What to do
Transcribe the listing that follows in full, exactly, and drop its images.

Dataset section
____________________

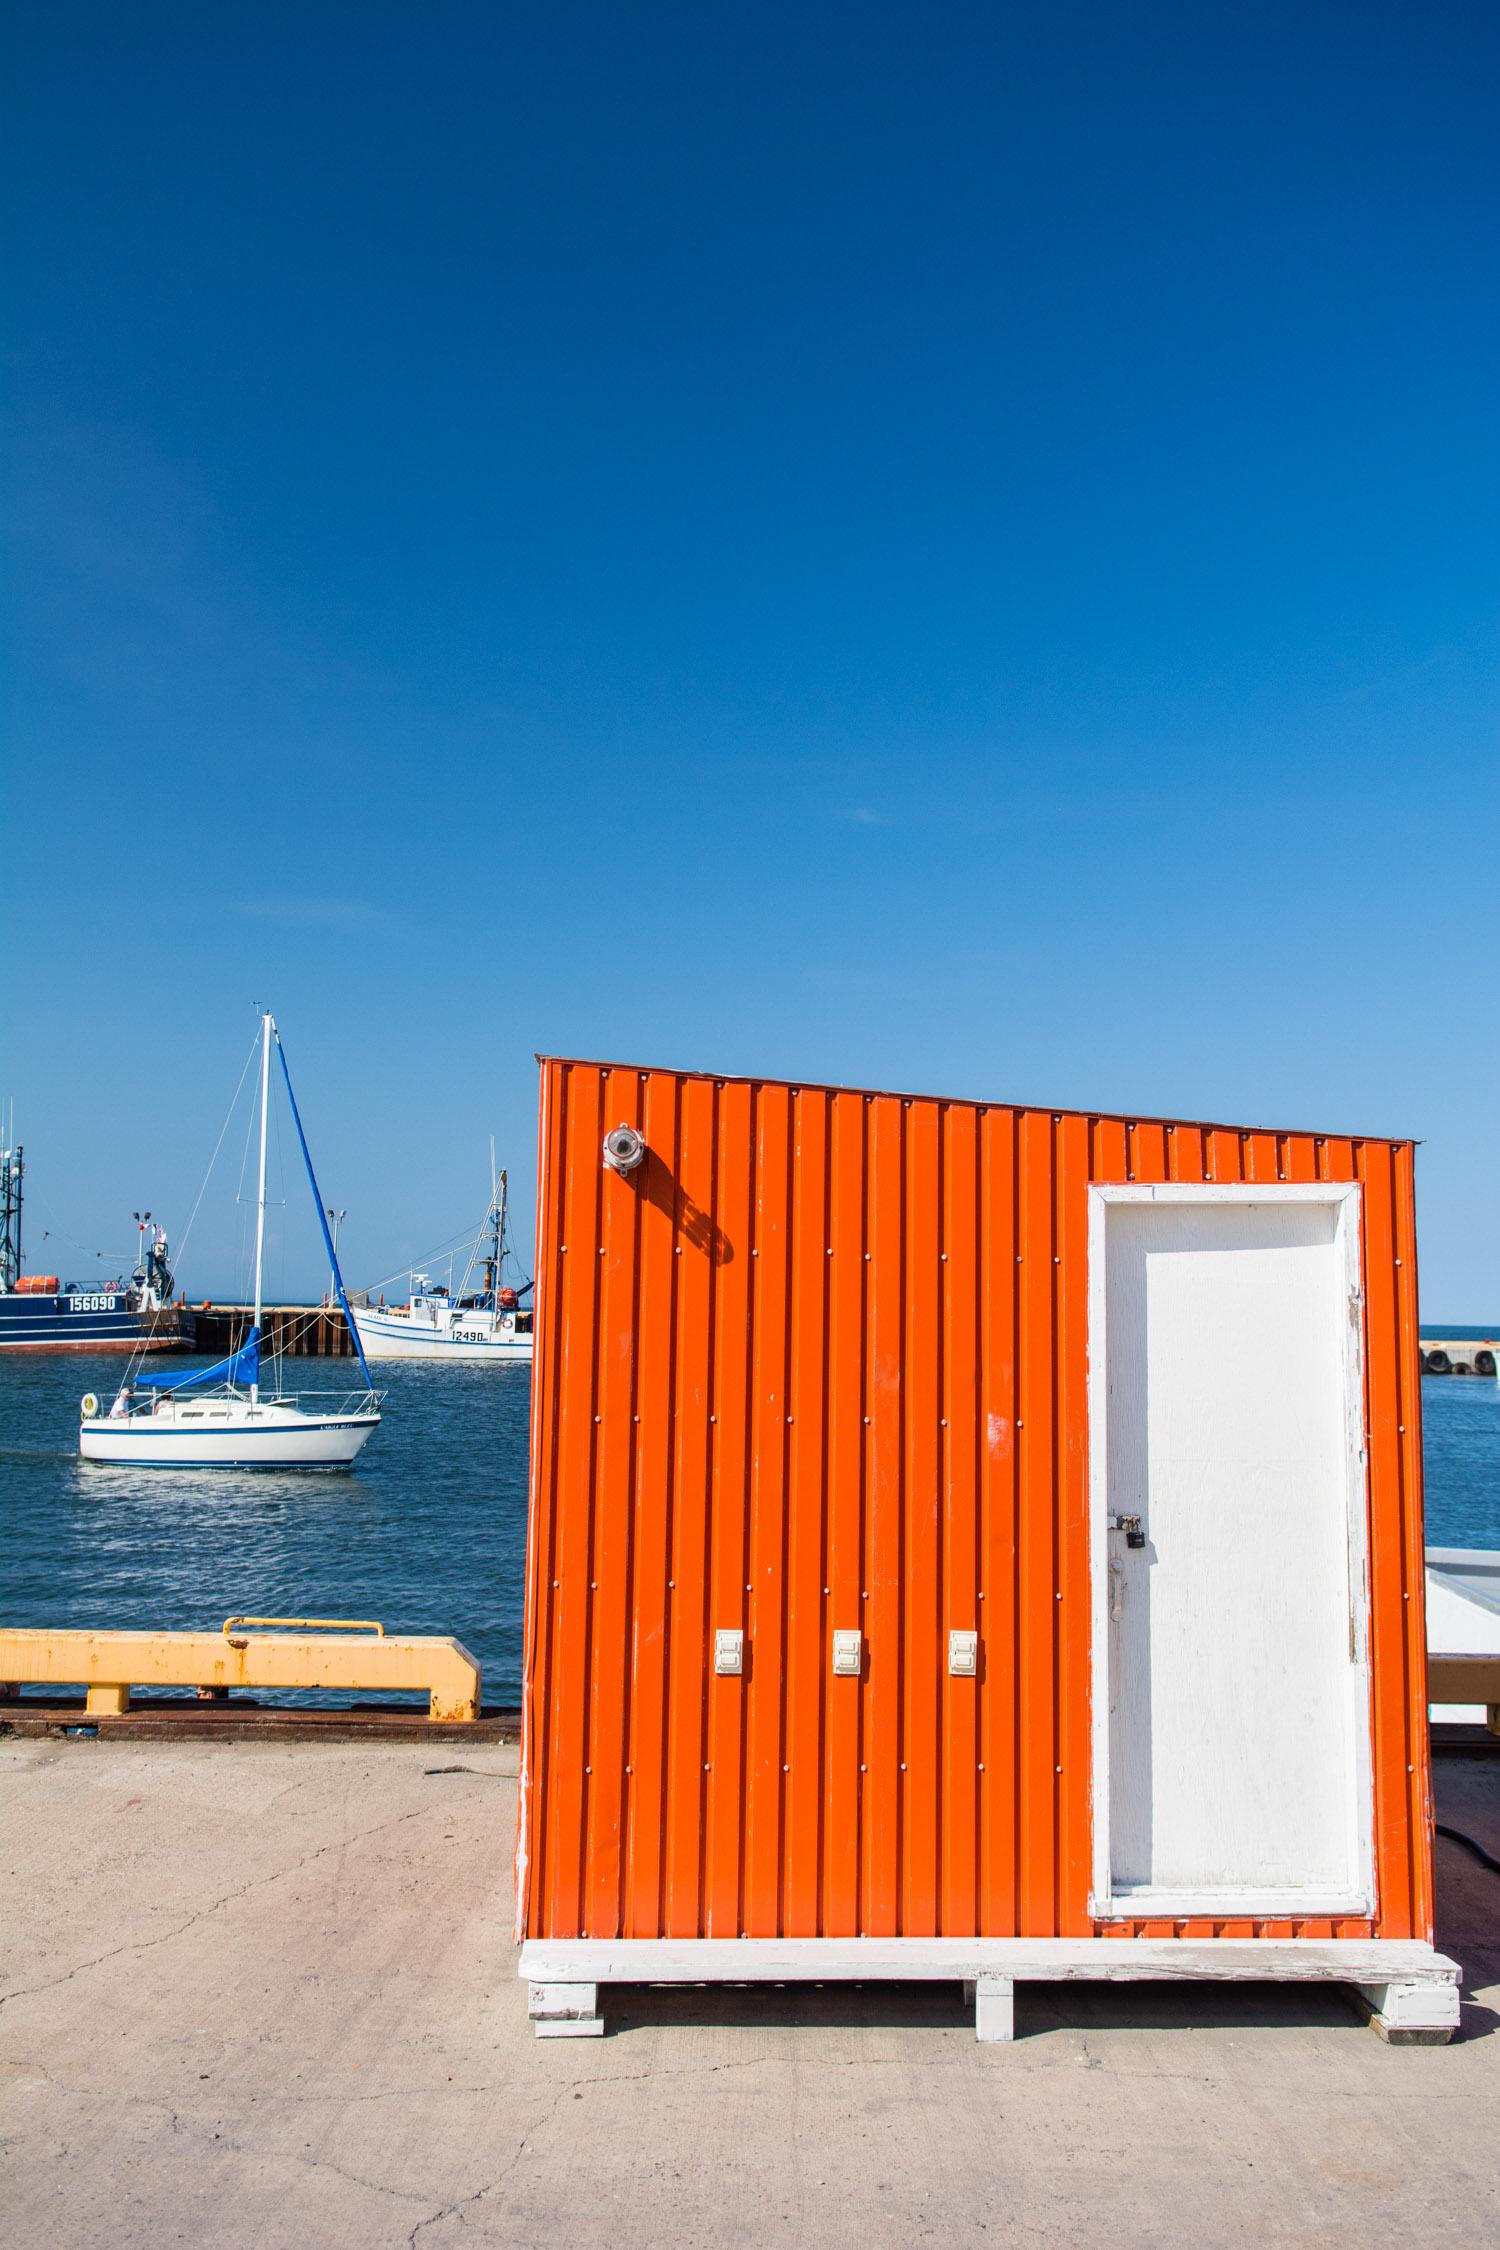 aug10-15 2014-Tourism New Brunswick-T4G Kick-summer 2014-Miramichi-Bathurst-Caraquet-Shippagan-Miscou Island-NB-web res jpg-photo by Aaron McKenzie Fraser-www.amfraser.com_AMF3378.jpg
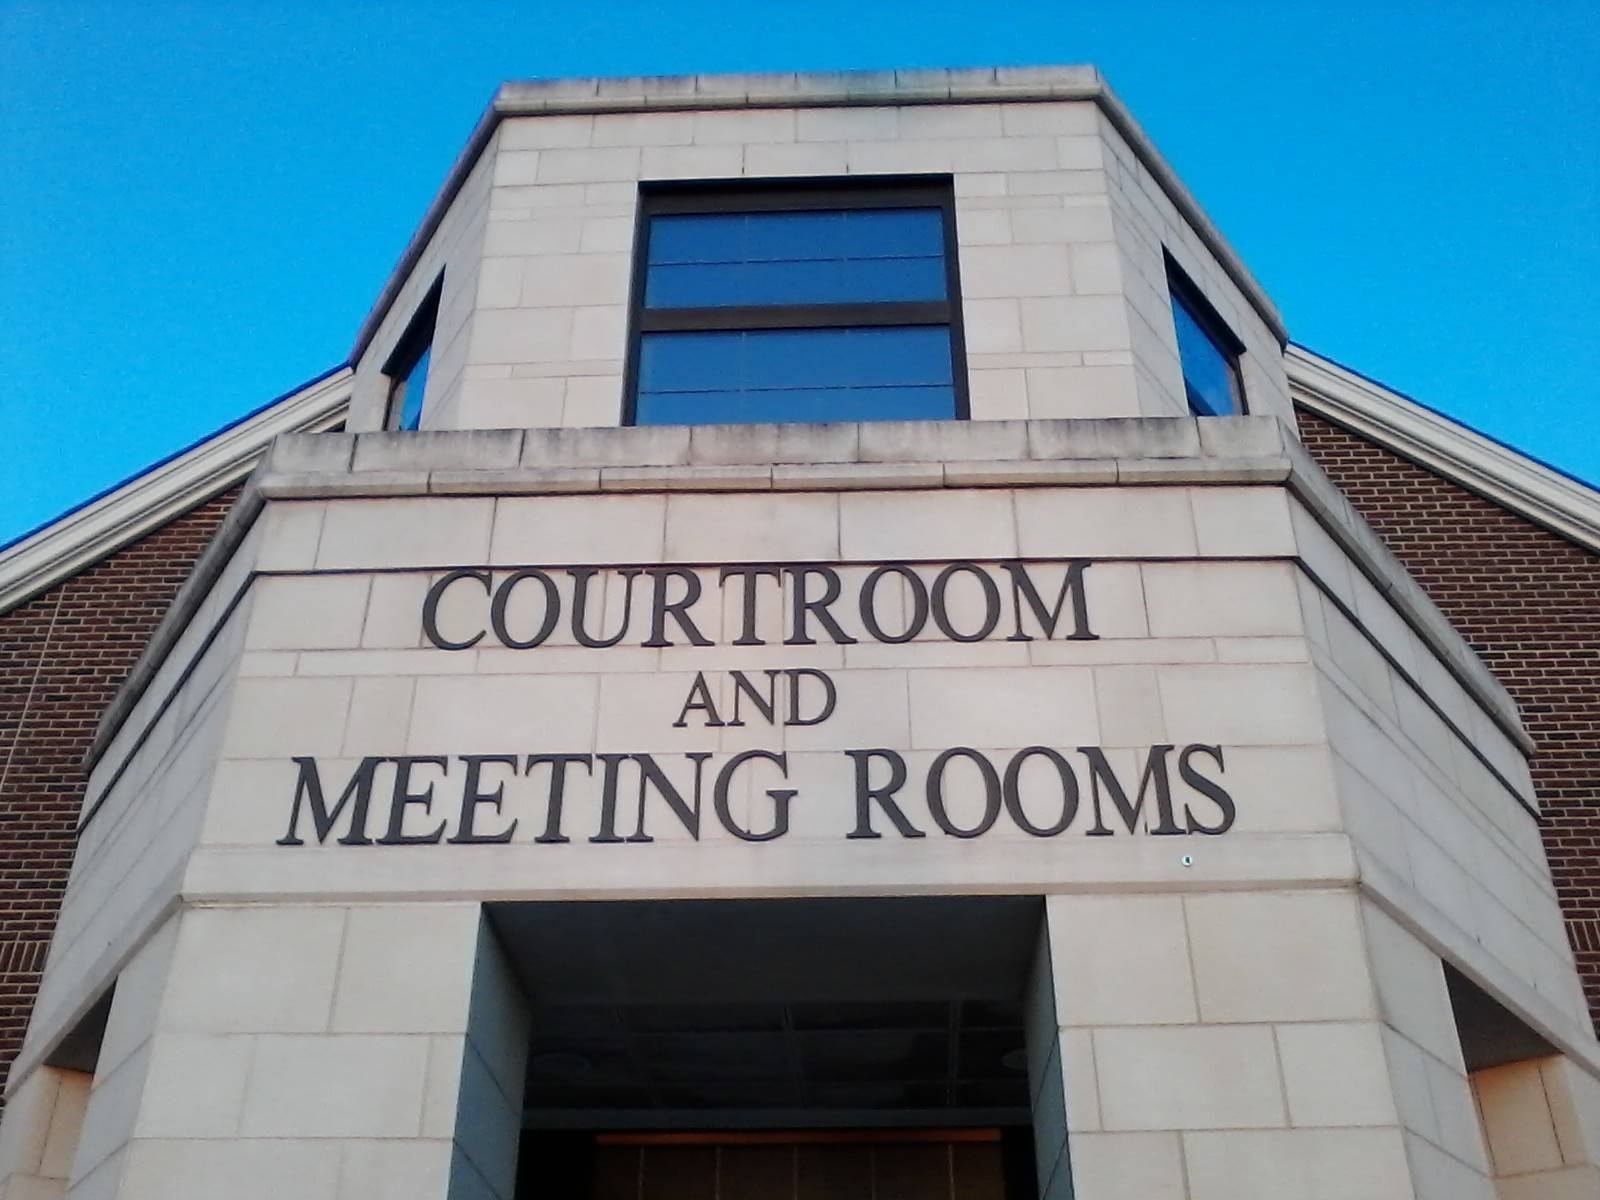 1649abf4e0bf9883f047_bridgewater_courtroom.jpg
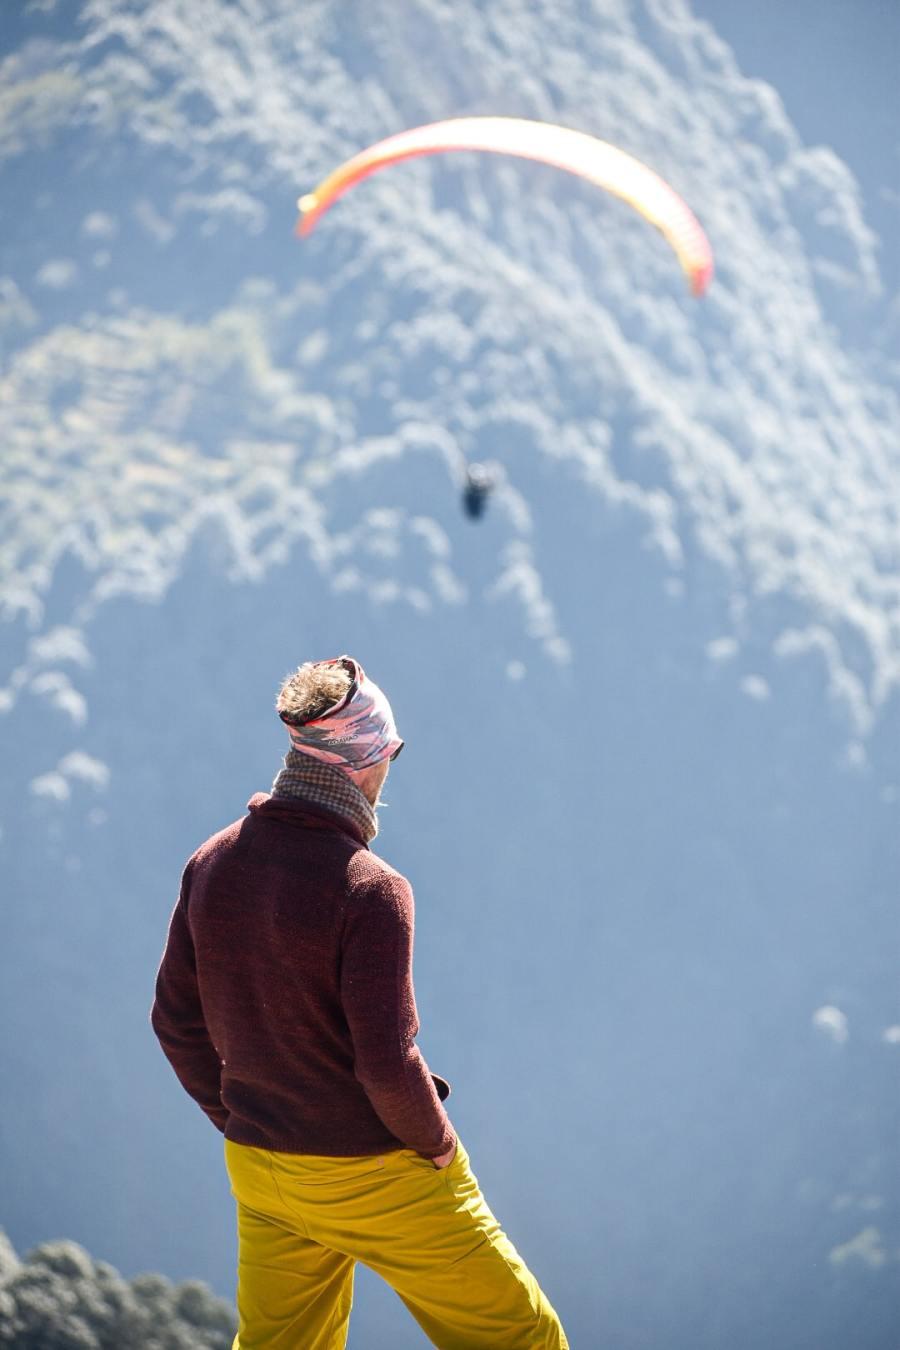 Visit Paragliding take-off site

____________________

Answer to the problem
 aug10-15 2014-Tourism New Brunswick-T4G Kick-summer 2014-Miramichi-Bathurst-Caraquet-Shippagan-Miscou Island-NB-web res jpg-photo by Aaron McKenzie Fraser-www.amfraser.com_AMF3378.jpg
 1649abf4e0bf9883f047_bridgewater_courtroom.jpg
 Visit Paragliding take-off site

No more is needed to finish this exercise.